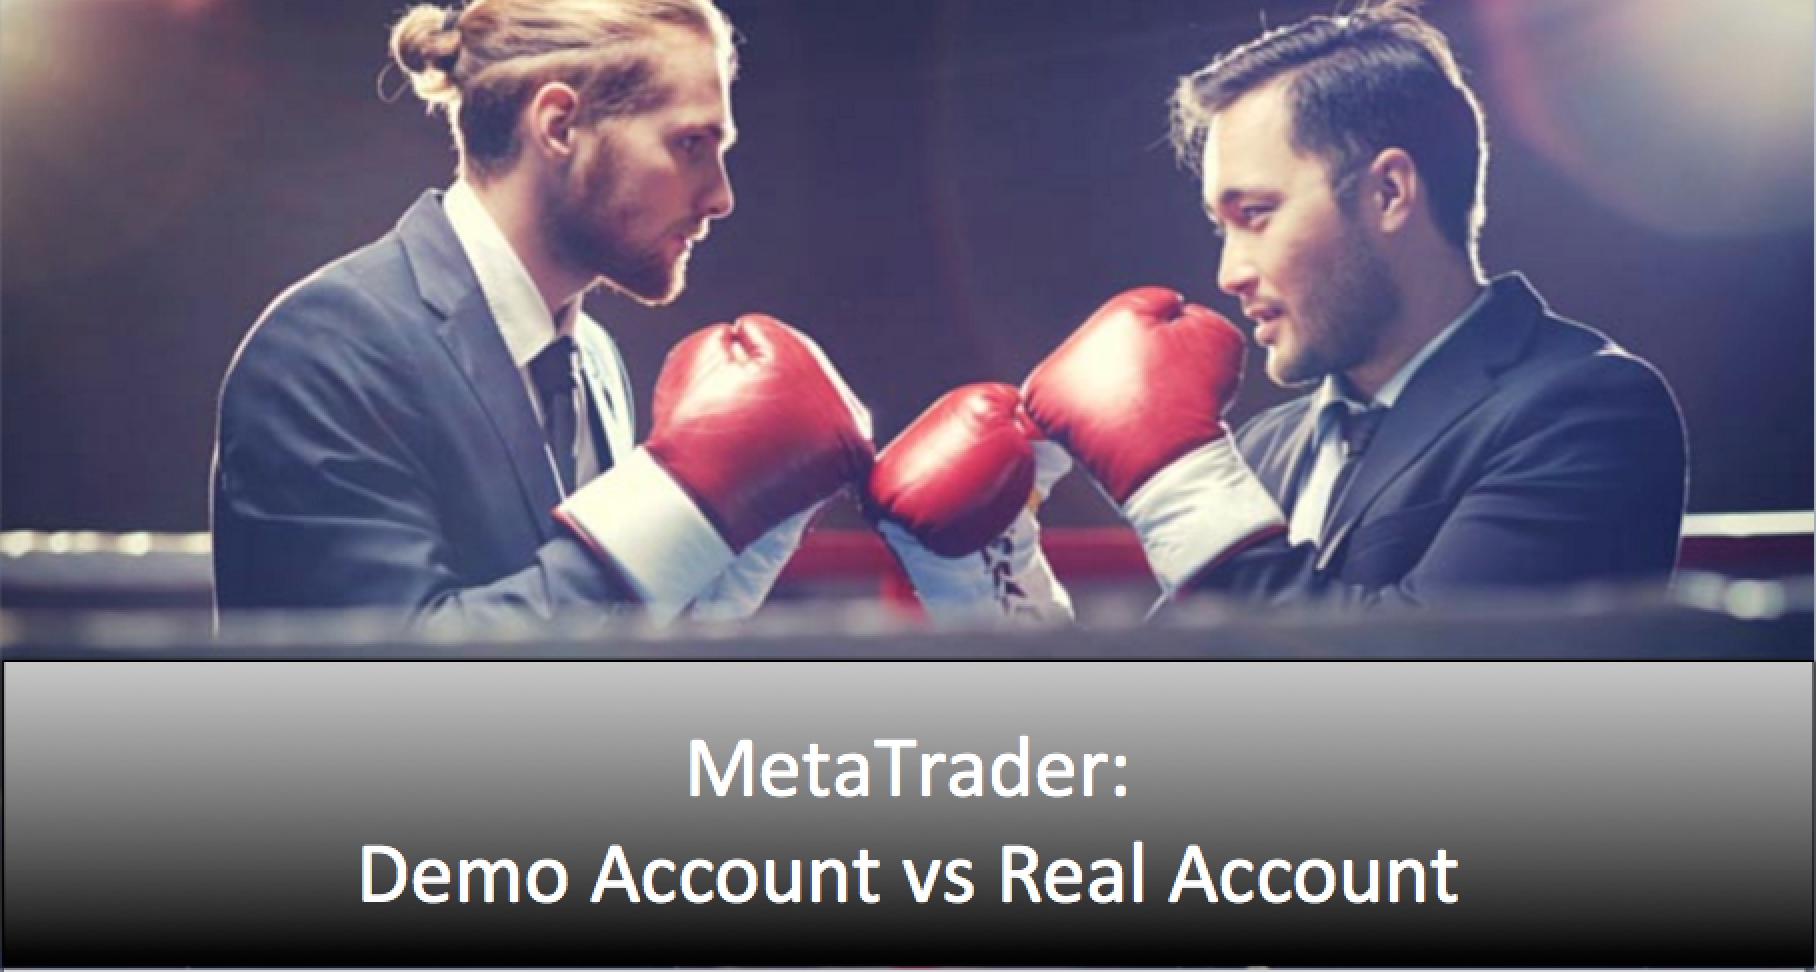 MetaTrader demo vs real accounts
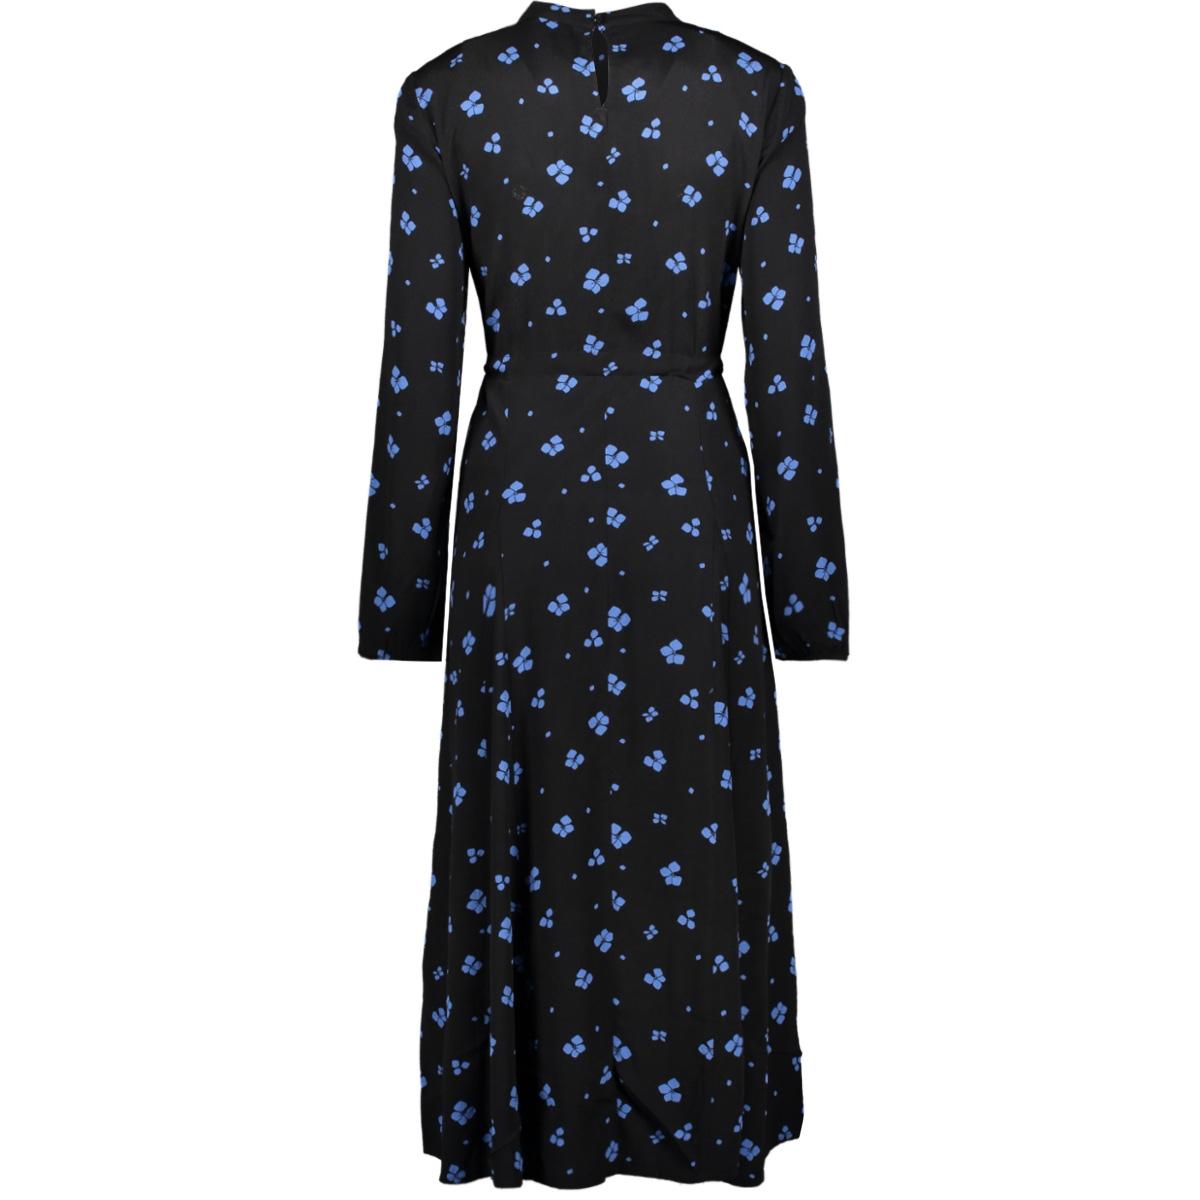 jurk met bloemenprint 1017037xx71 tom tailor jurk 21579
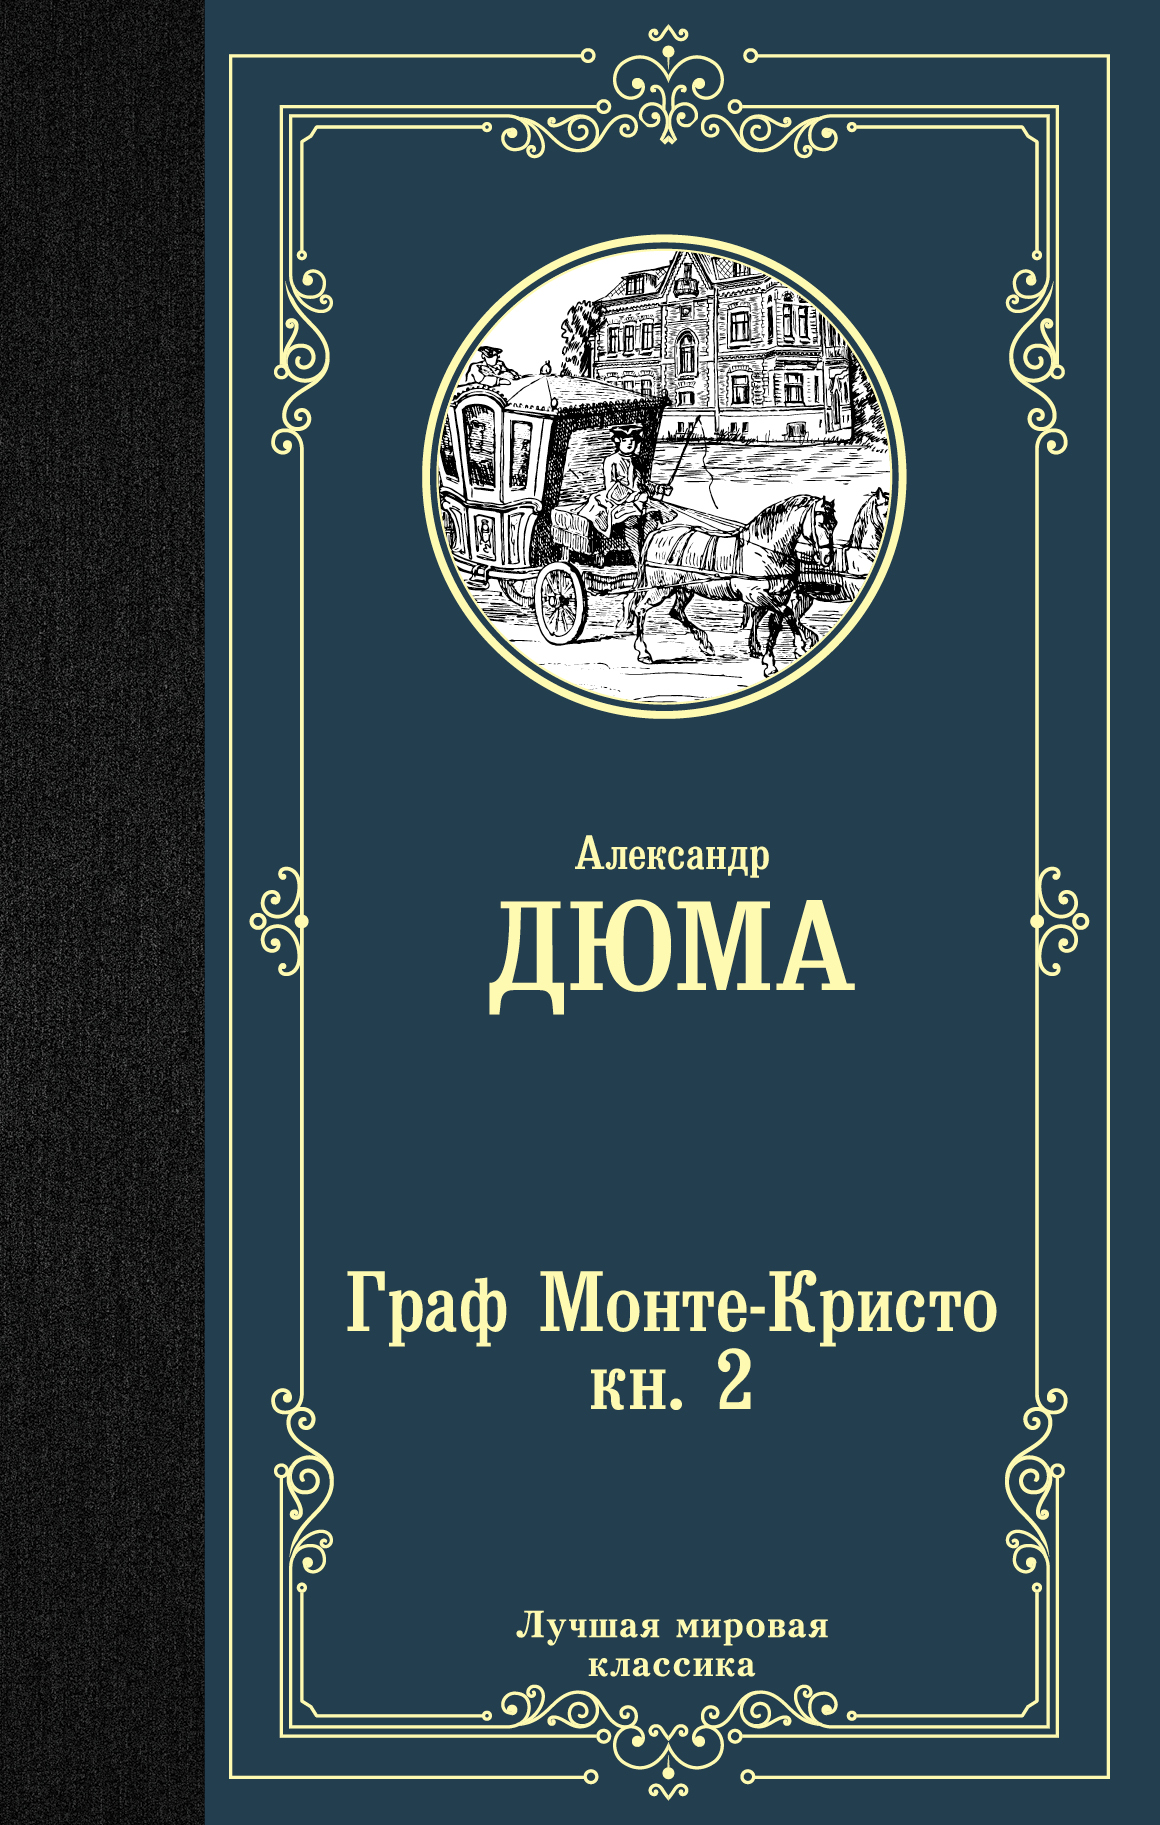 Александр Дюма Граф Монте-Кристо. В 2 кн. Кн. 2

★ ★ ★ ★ ★

### [Prompt]
An exact transcription of the material is required, without any pictures.

### [Completed task]
 MetaTrader demo vs real accounts
 jurk met bloemenprint 1017037xx71 tom tailor jurk 21579
 Александр Дюма Граф Монте-Кристо. В 2 кн. Кн. 2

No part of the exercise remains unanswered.